- **RECORDS FOR THE TASK**
**********
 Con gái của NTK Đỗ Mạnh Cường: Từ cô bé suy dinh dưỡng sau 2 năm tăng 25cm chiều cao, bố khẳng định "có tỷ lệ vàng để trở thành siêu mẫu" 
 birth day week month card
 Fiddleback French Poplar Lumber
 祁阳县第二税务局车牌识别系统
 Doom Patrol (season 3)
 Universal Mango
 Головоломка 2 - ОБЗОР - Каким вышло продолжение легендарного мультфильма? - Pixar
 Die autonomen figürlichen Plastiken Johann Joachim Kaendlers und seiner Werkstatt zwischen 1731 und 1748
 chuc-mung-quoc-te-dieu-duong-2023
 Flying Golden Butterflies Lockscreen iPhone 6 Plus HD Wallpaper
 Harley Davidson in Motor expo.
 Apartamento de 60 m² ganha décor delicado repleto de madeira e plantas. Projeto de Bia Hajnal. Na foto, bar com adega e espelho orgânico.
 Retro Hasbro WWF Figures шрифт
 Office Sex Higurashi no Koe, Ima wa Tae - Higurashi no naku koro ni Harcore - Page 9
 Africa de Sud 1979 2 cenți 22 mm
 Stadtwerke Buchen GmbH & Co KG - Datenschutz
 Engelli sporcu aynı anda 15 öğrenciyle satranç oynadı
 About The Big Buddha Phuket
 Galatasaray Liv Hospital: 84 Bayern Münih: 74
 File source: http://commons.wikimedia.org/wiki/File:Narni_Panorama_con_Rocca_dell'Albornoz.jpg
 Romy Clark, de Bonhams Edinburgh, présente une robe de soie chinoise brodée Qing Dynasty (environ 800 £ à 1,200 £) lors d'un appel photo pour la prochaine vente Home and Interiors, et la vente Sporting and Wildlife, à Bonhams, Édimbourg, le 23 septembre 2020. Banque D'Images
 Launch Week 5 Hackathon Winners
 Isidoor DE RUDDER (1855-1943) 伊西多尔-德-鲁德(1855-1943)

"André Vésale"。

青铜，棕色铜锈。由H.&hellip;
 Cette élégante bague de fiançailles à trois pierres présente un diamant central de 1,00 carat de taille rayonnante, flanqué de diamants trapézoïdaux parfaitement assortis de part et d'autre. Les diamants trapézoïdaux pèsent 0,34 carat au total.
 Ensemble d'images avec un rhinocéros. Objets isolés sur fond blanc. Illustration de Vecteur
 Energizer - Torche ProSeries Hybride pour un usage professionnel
**********
- **EXERCISE AIM**
Type out the entries exactly as they appear above.

- **REPLY TO THE TASK**
 Con gái của NTK Đỗ Mạnh Cường: Từ cô bé suy dinh dưỡng sau 2 năm tăng 25cm chiều cao, bố khẳng định "có tỷ lệ vàng để trở thành siêu mẫu" 
 birth day week month card
 Fiddleback French Poplar Lumber
 祁阳县第二税务局车牌识别系统
 Doom Patrol (season 3)
 Universal Mango
 Головоломка 2 - ОБЗОР - Каким вышло продолжение легендарного мультфильма? - Pixar
 Die autonomen figürlichen Plastiken Johann Joachim Kaendlers und seiner Werkstatt zwischen 1731 und 1748
 chuc-mung-quoc-te-dieu-duong-2023
 Flying Golden Butterflies Lockscreen iPhone 6 Plus HD Wallpaper
 Harley Davidson in Motor expo.
 Apartamento de 60 m² ganha décor delicado repleto de madeira e plantas. Projeto de Bia Hajnal. Na foto, bar com adega e espelho orgânico.
 Retro Hasbro WWF Figures шрифт
 Office Sex Higurashi no Koe, Ima wa Tae - Higurashi no naku koro ni Harcore - Page 9
 Africa de Sud 1979 2 cenți 22 mm
 Stadtwerke Buchen GmbH & Co KG - Datenschutz
 Engelli sporcu aynı anda 15 öğrenciyle satranç oynadı
 About The Big Buddha Phuket
 Galatasaray Liv Hospital: 84 Bayern Münih: 74
 File source: http://commons.wikimedia.org/wiki/File:Narni_Panorama_con_Rocca_dell'Albornoz.jpg
 Romy Clark, de Bonhams Edinburgh, présente une robe de soie chinoise brodée Qing Dynasty (environ 800 £ à 1,200 £) lors d'un appel photo pour la prochaine vente Home and Interiors, et la vente Sporting and Wildlife, à Bonhams, Édimbourg, le 23 septembre 2020. Banque D'Images
 Launch Week 5 Hackathon Winners
 Isidoor DE RUDDER (1855-1943) 伊西多尔-德-鲁德(1855-1943)

"André Vésale"。

青铜，棕色铜锈。由H.&hellip;
 Cette élégante bague de fiançailles à trois pierres présente un diamant central de 1,00 carat de taille rayonnante, flanqué de diamants trapézoïdaux parfaitement assortis de part et d'autre. Les diamants trapézoïdaux pèsent 0,34 carat au total.
 Ensemble d'images avec un rhinocéros. Objets isolés sur fond blanc. Illustration de Vecteur
 Energizer - Torche ProSeries Hybride pour un usage professionnel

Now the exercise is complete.